Upon commencement of liquidation, a liquidator is appointed who creates a liquidation estate held by him in a fiduciary capacity for the benefit of the stakeholders. This estate comprises of the following categories of assets:
- assets owned by the corporate debtor
- assets which may or may not be in the corporate debtor’s possession,
- tangible and intangible assets,
- assets where ownership is yet to be determined,
- assets underlying in avoidable transaction,
- asset relinquished by one or more secured creditor,
- proceeds of liquidation
Out of this pool of assets, some may be converted to cash quickly while for others realization may be a time taking process. Assets which are not easily convertible to cash and could take an indefinite waiting period for realisation are called ‘Not Readily Realisable Assets’ (“NRRA”). The explanation to Regulation 37A 1 of the Insolvency and Bankruptcy Board of India (Liquidation Process) Regulations, 2016 (“Liquidation Regulations”) defines NRRA as those assets in the liquidation estate which could not be sold through available options and includes contingent or disputed assets and assets underlying proceedings for preferential, undervalued, extortionate credit and fraudulent transactions.
Significantly, under Regulation 44(1) of the Liquidation Regulations, a liquidator has one year from the date of commencement of liquidation to complete the liquidation process. The concern associated with NRRA is that its indefinite realisation timeline jeopardizes the objective of a time bound liquidation process, leaving the liquidator with one of two choices. First, to await the realisation of the NRRAs which means depreciation in asset value and second, to leave the asset unrealised out of the liquidation pool and pay the stakeholders with the proceeds available at the time without deriving the value from the NRRA. The effect of both is detrimental to the Code’s objective of a time bound process for facilitation of maximisation of the value of the assets.

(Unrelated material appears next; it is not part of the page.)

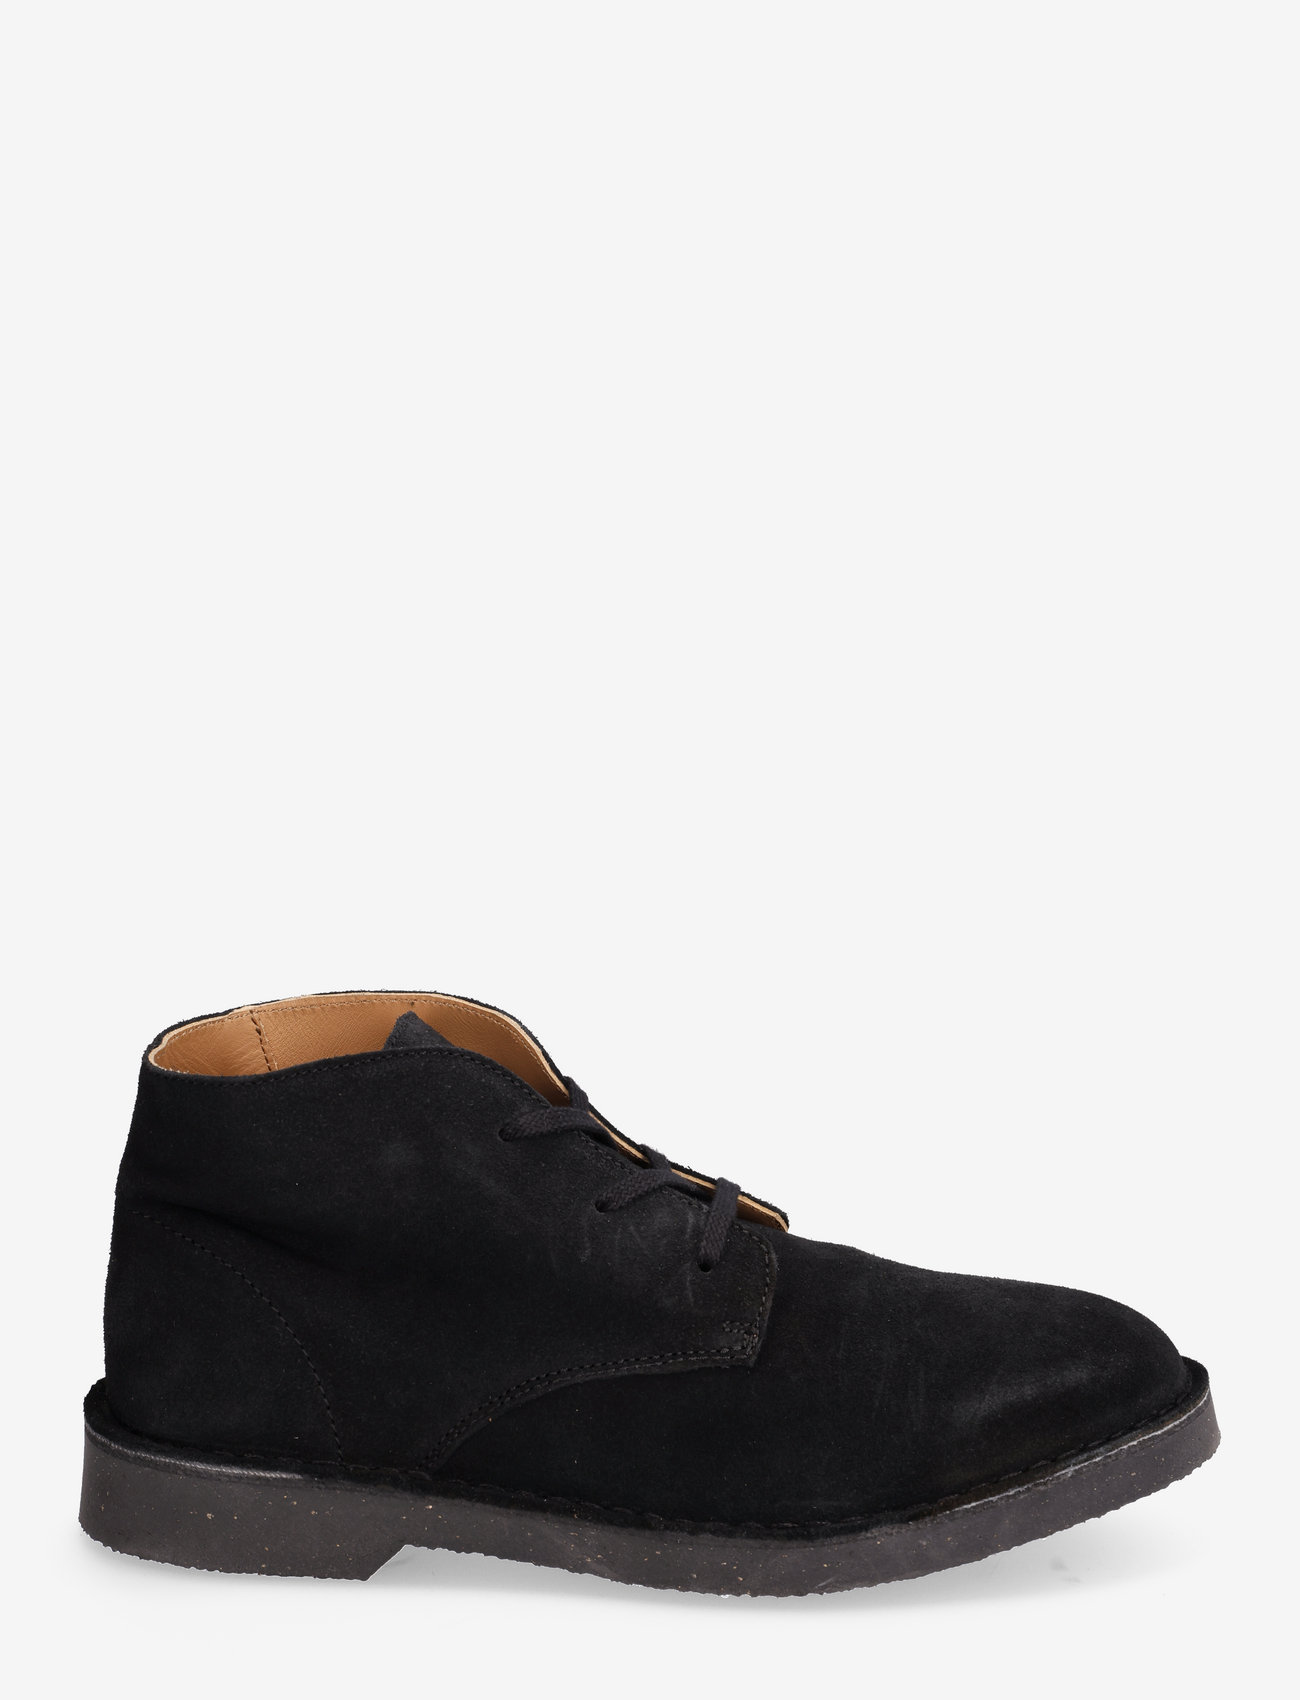 Selected Homme - SLHRIGA NEW SUEDE CHUKKA BOOT B - boots - black - 1

With this background, the Insolvency & Bankruptcy Board of India inserted Regulation 37A of the Liquidation Regulations. Under this Regulation, a liquidator can transfer or assign a NRRA through a transparent process to such persons who would otherwise have been eligible to submit a resolution plan during the insolvency resolution process, after deliberations with the Stakeholders’ Consultation Committee 2 (“SCC”). Thus, any person who is ineligible to be a resolution applicant under Section 29A of the Code cannot be a buyer of a NRRA.
Unlike a resolution plan where a successful resolution applicant acquires the business of the corporate debtor as a going concern, acquiring an asset which is not easily realisable in liquidation process permits the buyer to hand-pick the asset best suitable to their requirements through a confidential and transparent process. This is advantageous for the buyer as without having to assume control of the corporate debtor’s business operations, an asset that is conducive to the growth and development of the buyer’s business is acquired at a price much cheaper than the market price.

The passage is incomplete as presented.